EXERCISE PROMPT: Images are not wanted; transcribe the rest of the listing exactly.

DATA BELOW:
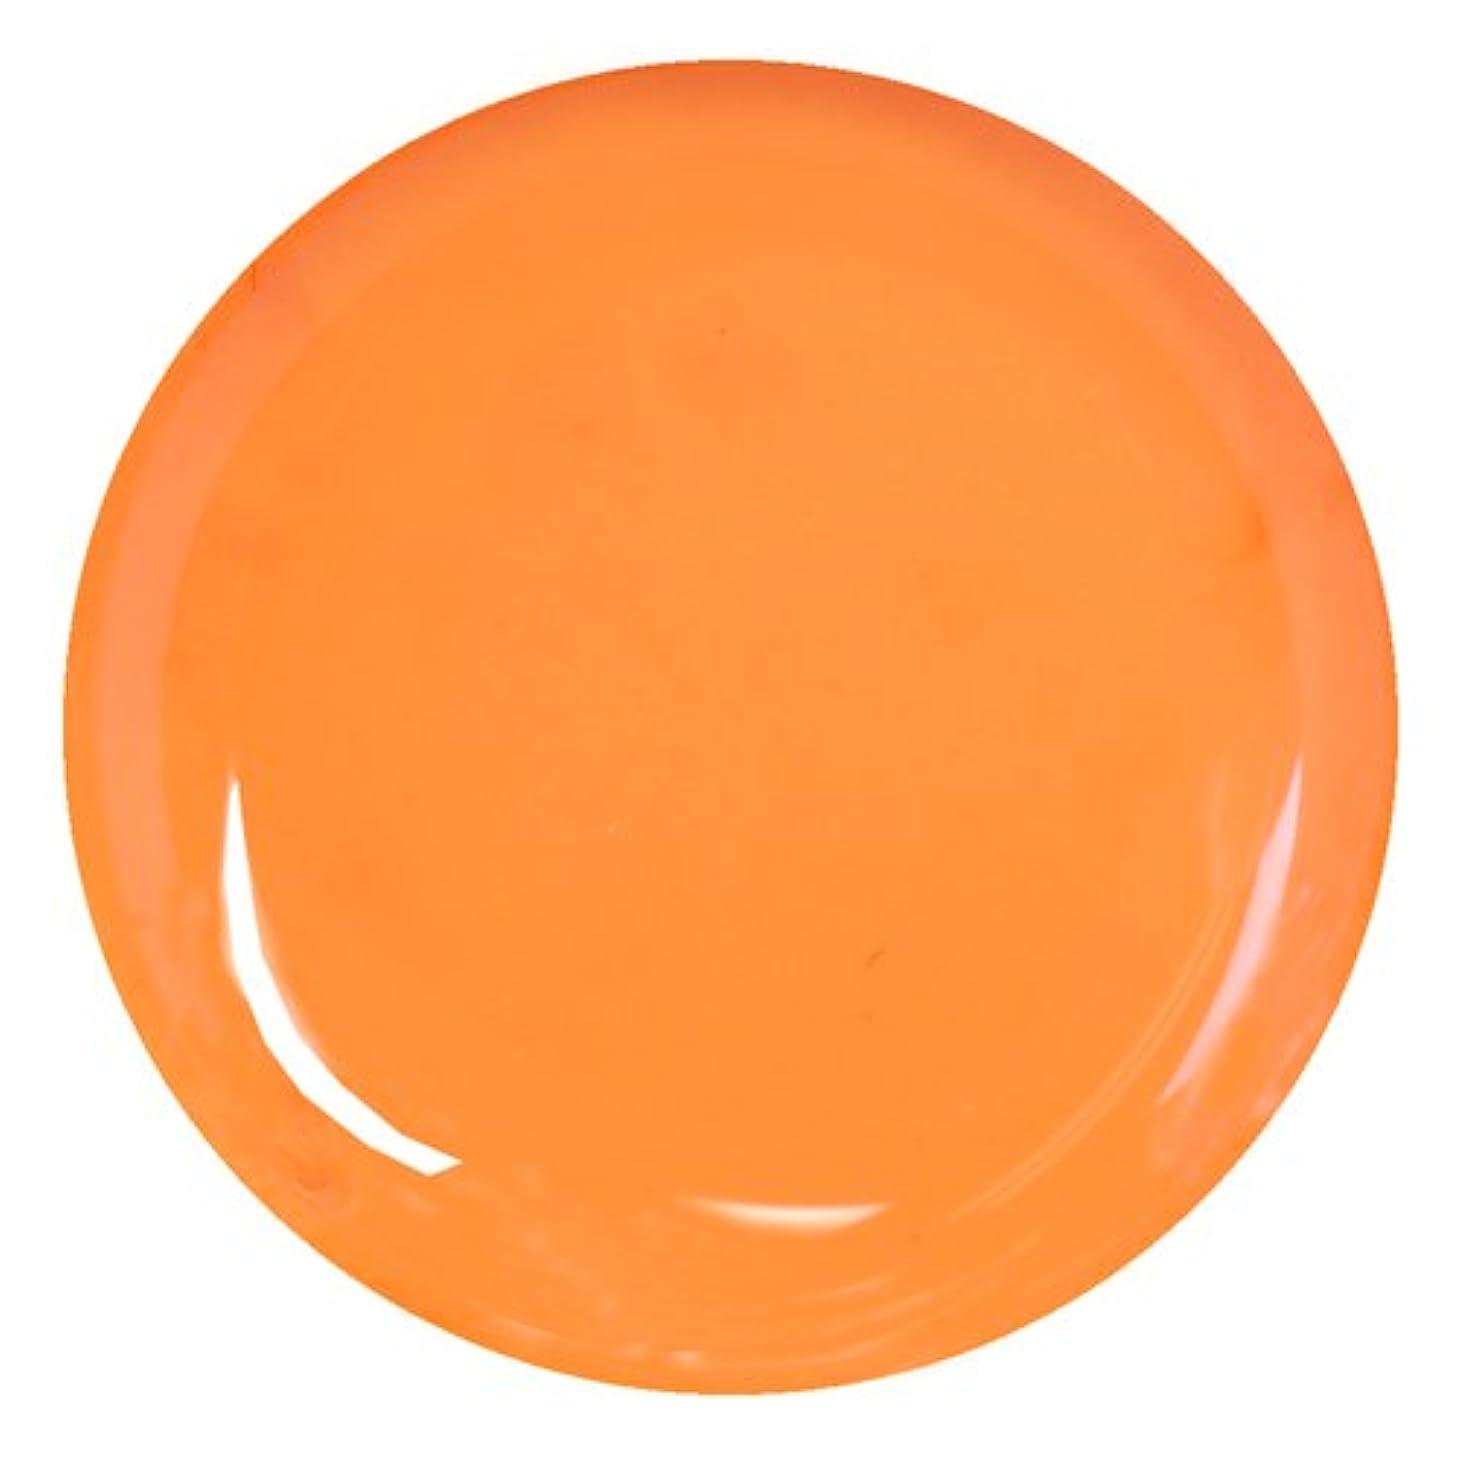 悲しいことにチューブ東MY GEL(マイジェル) ソフトジェル サマーオレンジ 4g 【マット】 発色が良くリフトしにくい!
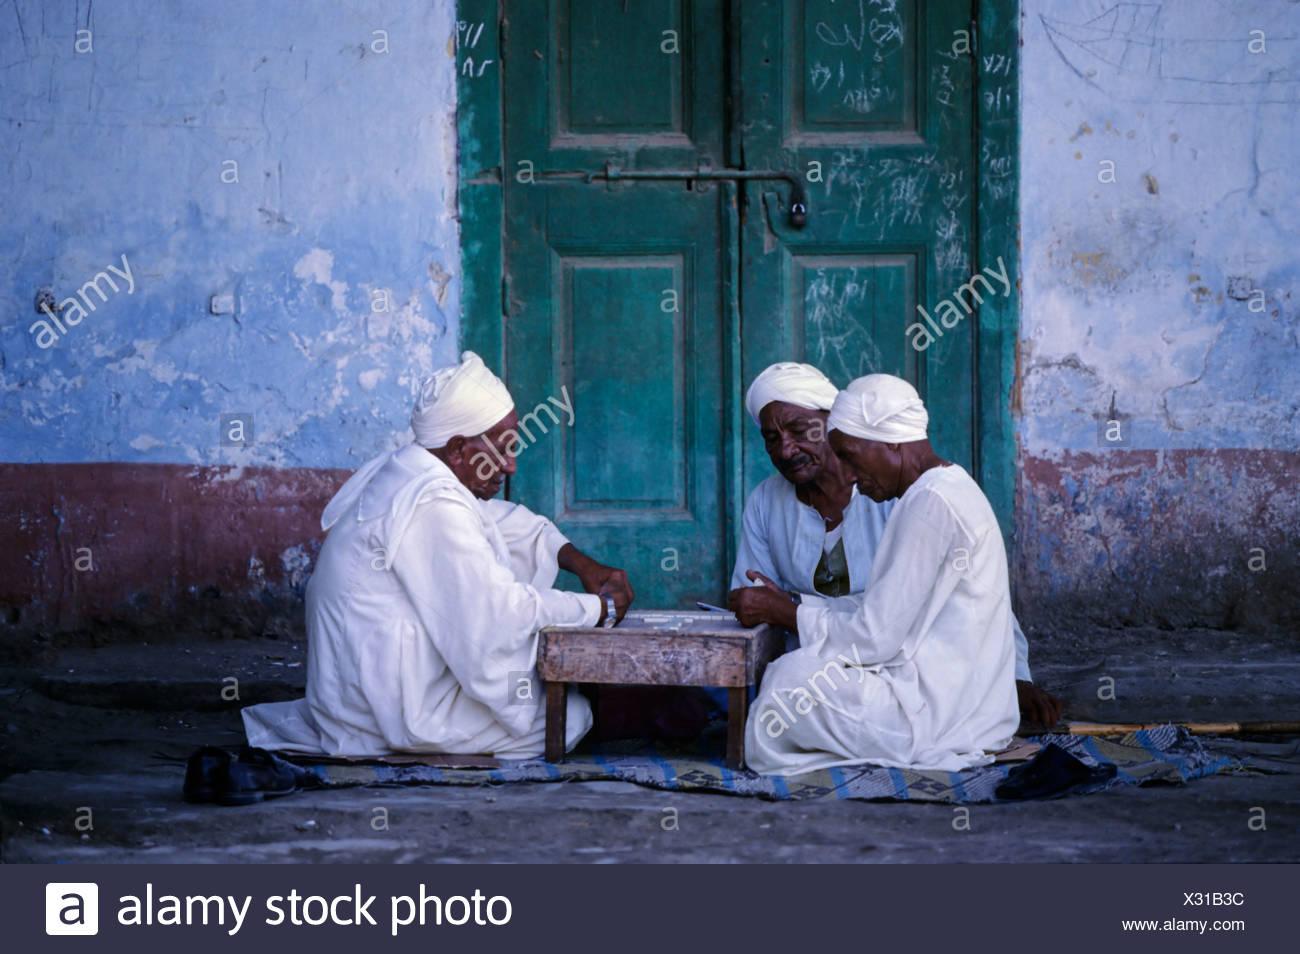 Ägypter spielen Domino, Spiel, Männer, Spiel, Spieler, Djellabea, weiße, traditionell, Turban, El Queseir, Ägypten, Afrika Stockbild
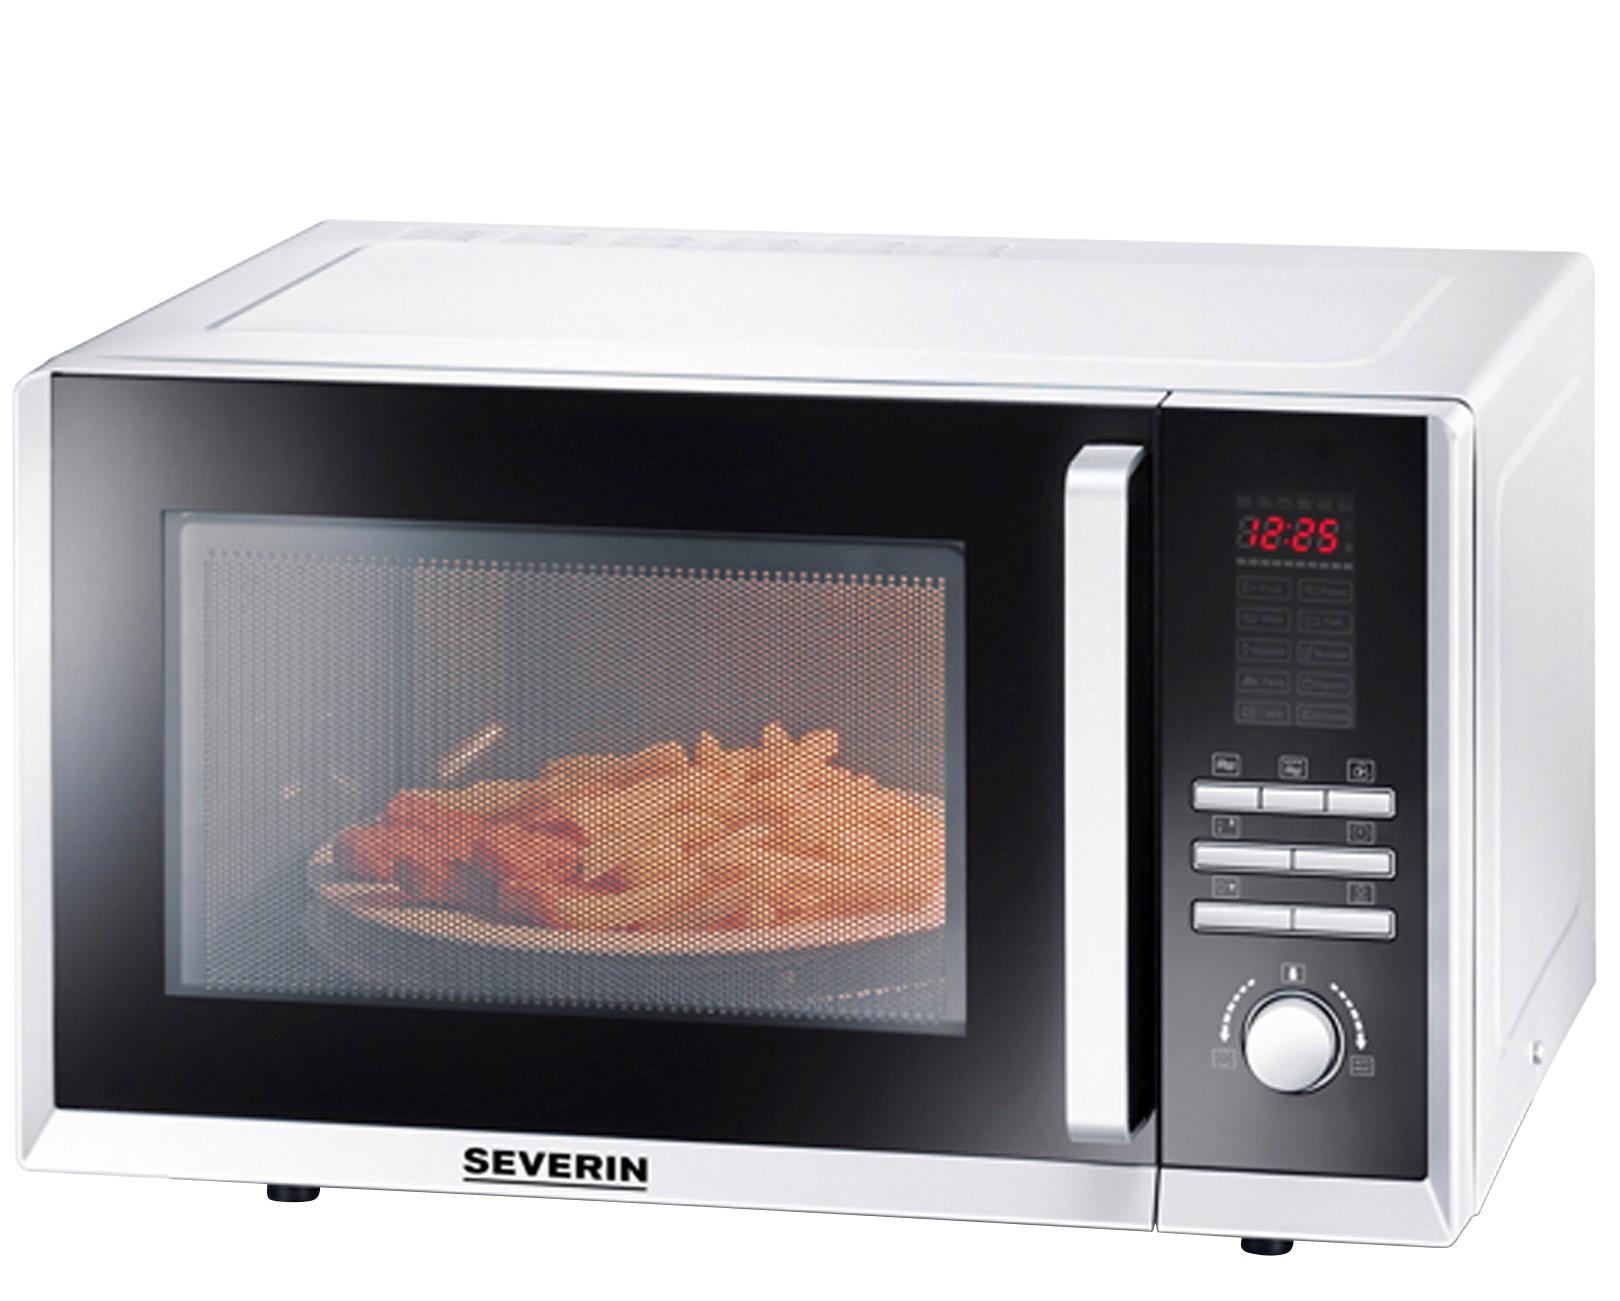 Microovne - nem madlavning. Lækkert design. Alstrom Isenkram

WRITTEN ANSWER:
 悲しいことにチューブ東MY GEL(マイジェル) ソフトジェル サマーオレンジ 4g 【マット】 発色が良くリフトしにくい!
 Ägypter spielen Domino, Spiel, Männer, Spiel, Spieler, Djellabea, weiße, traditionell, Turban, El Queseir, Ägypten, Afrika Stockbild
 Microovne - nem madlavning. Lækkert design. Alstrom Isenkram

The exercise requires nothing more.